Thickened EC junctions defined as having a width of > 2 μm were determined using the measuring tool of Imaris software to specify EC-cell contact regions identified by PECAM-1 or VE-Cadherin immunostaining. The frequency of thickened junctions per EC was quantified based on the isosurface masks made on PECAM-1 positive areas (PECAM-1^high junctional and PECAM-1^low non-junctional regions). Fluorescence intensity line profiles along EC-cell contacts (as visualized by PECAM-1 or VE-Cadherin immunostaining) were determined using ImageJ software (NIH) and were used to quantify EC junction width (μm) and junctional molecule enrichment (fluorescence sum intensity) at cell-cell contact sites. 5-8 postcapillary venules were quantified per mouse.

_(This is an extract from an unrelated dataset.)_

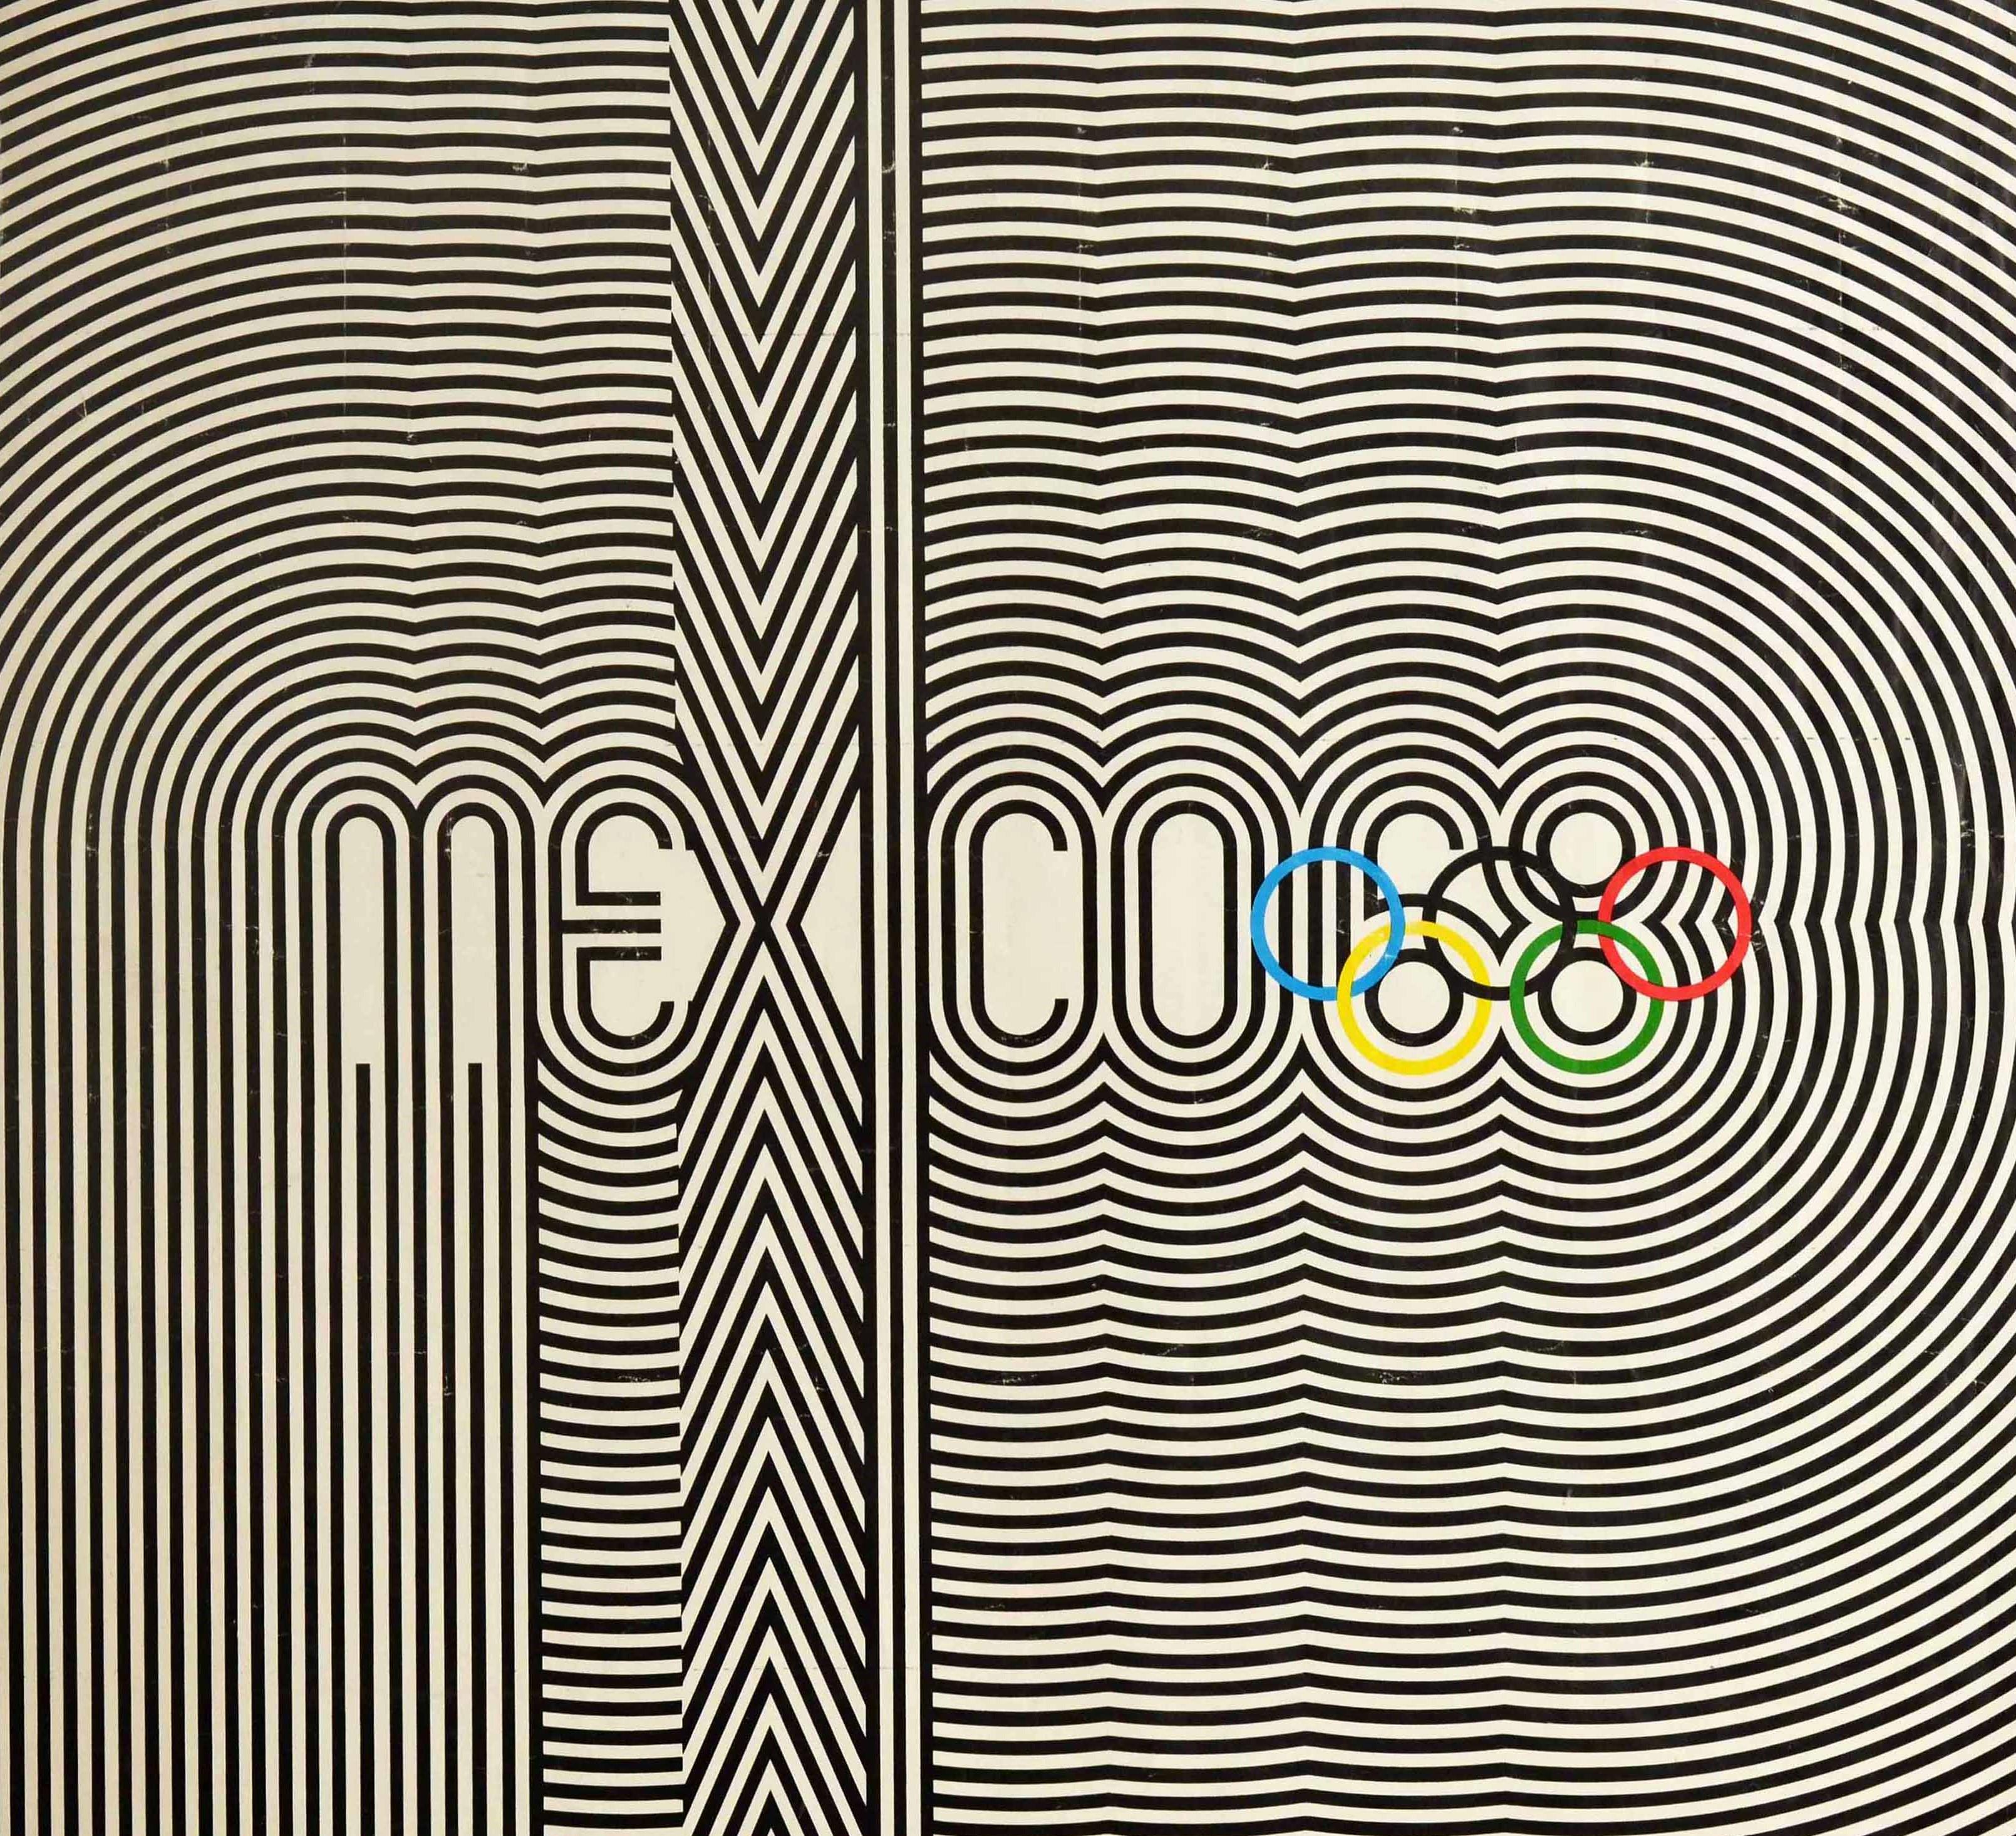 mexico 1968 logo

Quantification of fixed HUVEC images

Images were smoothed with a Gaussian filter and background signal removed using the ImageJ ‘Background Subtraction’ function. Manual thresholding was carried out on each channel by visual inspection. Signal colocalization was quantified using the Manders colocalization coefficient, implemented using the ImageJ JACoP plugin (Bolte and Cordelières, 2006). Where biological control was not possible, the analysis was repeated after 90^o rotational offset of one channel with respect to the other, providing an internal control (referred to as offset control in main text). The number of GFP-LC3 vesicles co-labeled with PECAM-1 and/or WIPI2 were determined using the ImageJ 3D Objects Counter plugin (Bolte and Cordelières, 2006).Following image pre-processing, binary ‘colocalization’ channels were derived from the intersection of the individual channel thresholds. Puncta with a minimum 50 voxel overlap were counted, in addition to the total GFP-LC3 puncta number.

Statistics

Statistical analyses were performed using Prism 8.0 software (GraphPad) and datasets expressed as mean ± SEM with n numbers of 3 or more biological replicates as detailed in Figure legends. Sample sizes were chosen on the basis of published work in which similar experiments had been reported. Comparisons between two groups were carried out using the paired or unpaired Student’s t test. One-way ANOVA or two-way ANOVA with Tukey’s or Bonferroni′s post hoc test were performed for multiple group comparisons. Statistical significance was accepted at p < 0.05.

Published: August 6, 2021

Data and code availability

This study did not generate or analyze large datasets or codes.